Your goal
Using the records that follow, work out the number of lines with the word "Dawson" in them; reply with that number only.

(Beginning of Source data)

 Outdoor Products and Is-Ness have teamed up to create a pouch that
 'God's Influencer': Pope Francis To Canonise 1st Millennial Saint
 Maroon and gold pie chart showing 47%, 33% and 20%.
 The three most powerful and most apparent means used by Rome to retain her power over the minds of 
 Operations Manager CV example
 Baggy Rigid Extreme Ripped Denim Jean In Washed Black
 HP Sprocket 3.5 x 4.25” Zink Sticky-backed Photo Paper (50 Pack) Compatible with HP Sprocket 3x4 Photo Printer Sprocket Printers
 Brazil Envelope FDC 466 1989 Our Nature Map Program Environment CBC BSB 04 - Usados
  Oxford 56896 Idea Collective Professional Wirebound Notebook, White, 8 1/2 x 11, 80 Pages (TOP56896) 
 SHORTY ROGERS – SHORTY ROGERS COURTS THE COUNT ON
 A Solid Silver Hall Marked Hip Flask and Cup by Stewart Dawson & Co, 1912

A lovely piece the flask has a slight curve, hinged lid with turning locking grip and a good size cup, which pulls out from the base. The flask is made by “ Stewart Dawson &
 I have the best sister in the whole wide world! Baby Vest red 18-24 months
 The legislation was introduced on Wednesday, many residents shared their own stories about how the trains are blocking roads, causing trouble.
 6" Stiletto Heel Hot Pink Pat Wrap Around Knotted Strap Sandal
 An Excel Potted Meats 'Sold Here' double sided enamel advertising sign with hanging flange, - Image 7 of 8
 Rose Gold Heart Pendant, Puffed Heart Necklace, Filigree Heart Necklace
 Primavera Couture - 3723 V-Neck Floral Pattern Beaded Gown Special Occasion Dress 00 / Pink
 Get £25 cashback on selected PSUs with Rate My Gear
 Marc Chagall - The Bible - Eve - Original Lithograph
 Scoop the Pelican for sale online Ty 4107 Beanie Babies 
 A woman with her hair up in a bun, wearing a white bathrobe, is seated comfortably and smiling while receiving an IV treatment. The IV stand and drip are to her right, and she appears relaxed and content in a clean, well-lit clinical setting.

(End of Source data)

Task output
2